Updating data on mercury levels in food fish species in lakes used by Dehcho communities

Regions: Dehcho Region

Tags: contaminants, mercury, health, fish, traditional knowledge, food

Principal Investigator: Low, George (12)
Licence Number: 14875
Organization: Dehcho First Nations
Licenced Year(s): 2016 2015 2014 2012 2011
Issued: Feb 19, 2011
Project Team: George Low (Project Authority/ Biologist, Dehcho First Nations), Mike Low (Technical Advisor/ Technician, Dehcho First Nations), Community Monitors (Field assistants/ traditional knowledge, Dehcho communities), Marlene Evans (Research scientist, Environment Canada), First nations (Traditional knowledge, Dehcho communities)

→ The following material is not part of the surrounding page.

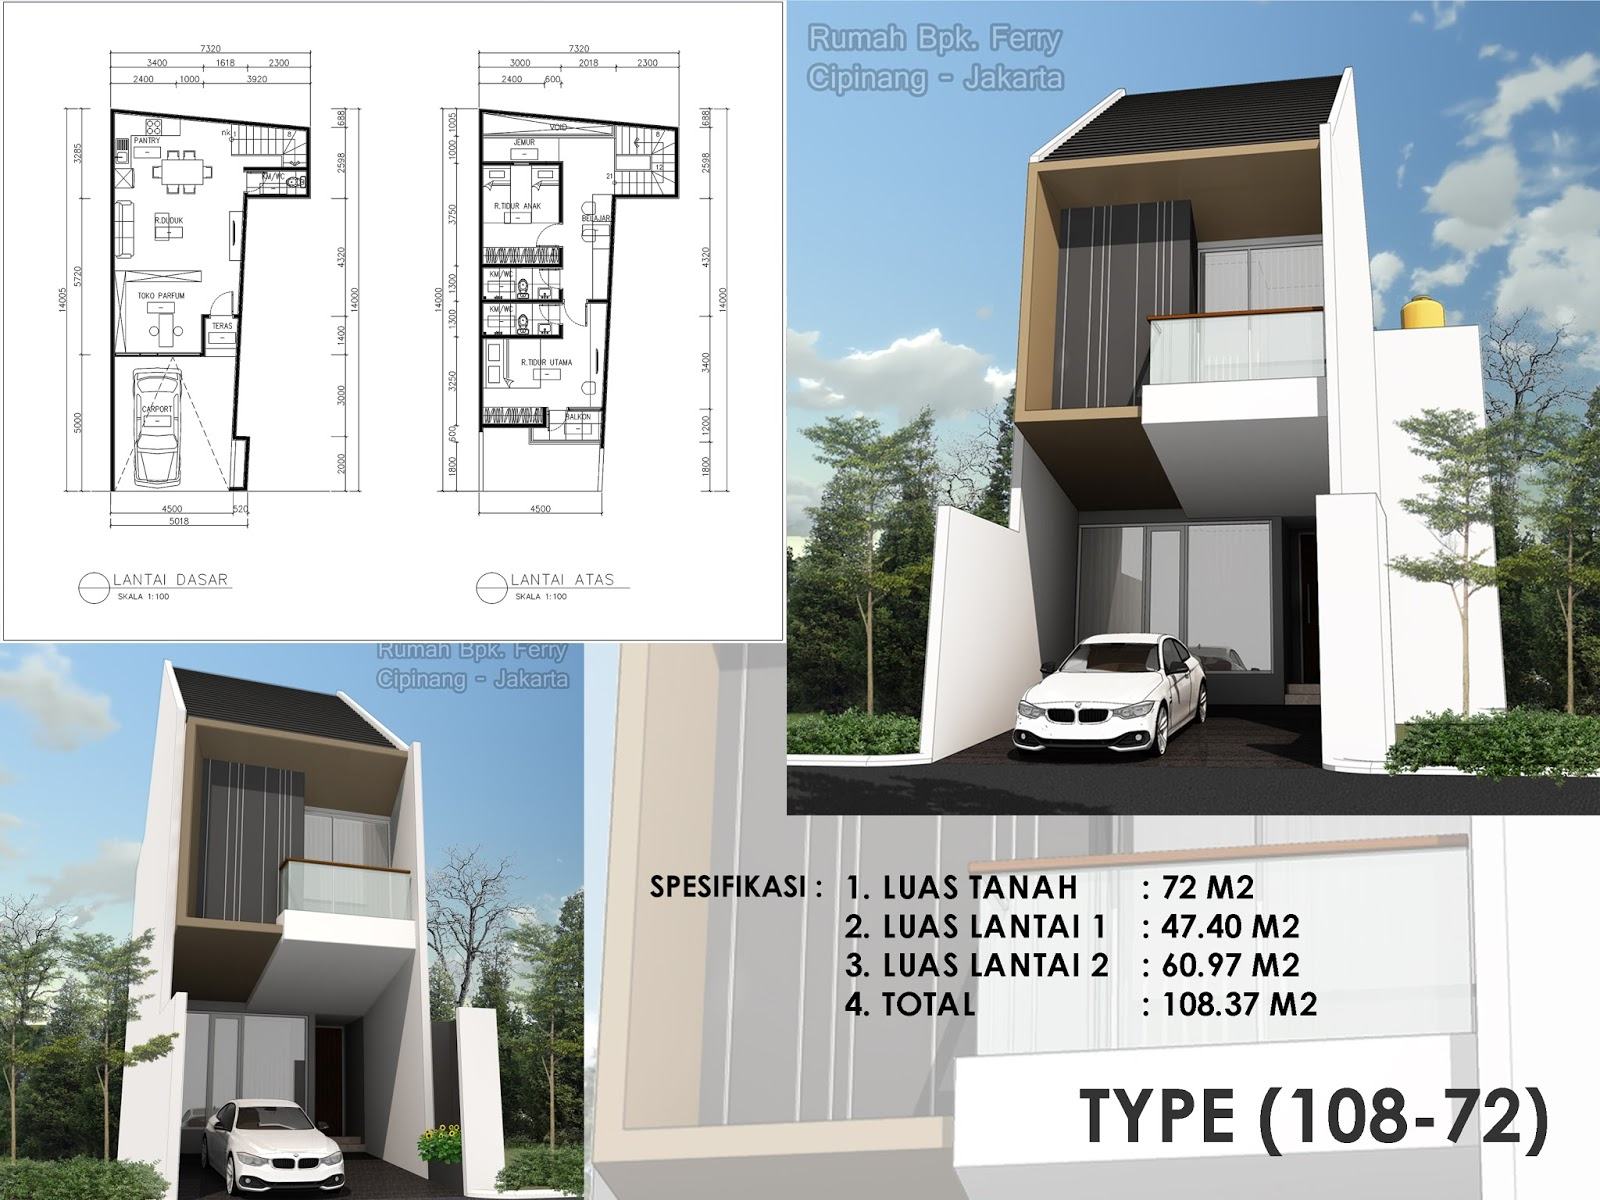 Jasa Arsitek Desain Bangun Desain Rumah Minimalis 2 Lantai

Objective(s): To determine which lakes are important as food sources in four Dehcho communities and which fish species are used for human food from these lakes and to train community monitors to collect fish and other samples according to Environment Canada and Department of Fisheries and Oceans protocol.

Project Description: The objectives of this research project are to:
1) Determine through “Traditional Knowledge” which lakes are important as food sources in four Dehcho communities and which fish species are used for human food from these lakes
2) Train community monitors to collect fish and other samples according to Environment Canada and DFO protocol
3) Involve local school children in our studies by arranging in-the-field study camps or in-school presentations with the schools and the community recreational directors
4) Update data on mercury levels in various species of fish that may have changed since previous studies in the 1990’s and more recent studies by providing Environment Canada with the required fish samples
5) Assist scientists in their investigation of factors affecting increased mercury concentrations in predatory fish in the Dehcho and elsewhere in the Northwest Territories
6) Contribute to the evidence data base which can be used in National and International negotiations and agreements to lower the levels of mercury and carbon dioxide pollution in the atmosphere.

Each lake will be sampled one at a time throughout the 2010/ 11 winter fishing season (January - March). Crews will consist of a biologist and/ or technician and two local community monitors. Equipment and personnel will be hauled into the desired lakes via snowmobiles.

Using traditional knowledge provided by community members and local monitors, net set locations will be determined so that the desired fish species can be caught using the least amount of effort. Fish will be caught using multi paneled gill nets, with each panel consisting of a different mesh size. The gill nets will have three panels attached to make a gang, one panel consisting of 3.5 inch mesh, another of 4.5 inch mesh and one of 5.5 inch mesh. Each morning 2 gangs will be set in pre-determined locations underneath the ice. A chisel will be used to make a hole through the ice and a jigger will be used to pull the nets beneath the ice. Nets will soak in the water for up to 24 hours before being checked and then reset either in the same location or elsewhere. When nets are checked after 24 hours fish will be removed and counted according to fish species. These are the fish that are going to be biologically sampled at the base camp. After the desired amount of one fish species is caught anymore fish of that species will either be given to the community for subsistence or released alive. Before fish freeze they will be biologically sampled for the following information: Length, weight, aging structure, sex, maturity and a tissue sample for mercury analysis. Sampling will occur in a heated canvas wall tent each day after the fish is caught. Aging structures and tissue samples will be frozen and sent to Environment Canada for analysis. Water quality measurements will be collected from net set location, and will include dissolved oxygen, conductivity, pH and temperature. Each lake should be completed within one week. After the samples have been analyzed, results will summarized and reported back to the community.

This project will include local involvement at every level, local community members will be hired to assist with collection of data and maintain camps. Local traditional knowledge will be utilized to determine what types of fish can be caught and where, as well as determining historical and present uses of the lakes. All community participants will be trained in collecting biological data from fish and the operation of any scientific instruments. There will also be opportunities for local youth to be involved in data collection, field work and any training.

The researcher team will develop a communication plan with the communities in relation to public health and food. In the meantime reporting will consist of meeting with the communities before data collection occurs and after results are produced. Results will be summarized and presentations will be made for each community, as well a project summary will be made for presentations at any other meetings.

The fieldwork for this study will be conducted from January 1, 2011 to December 31, 2011.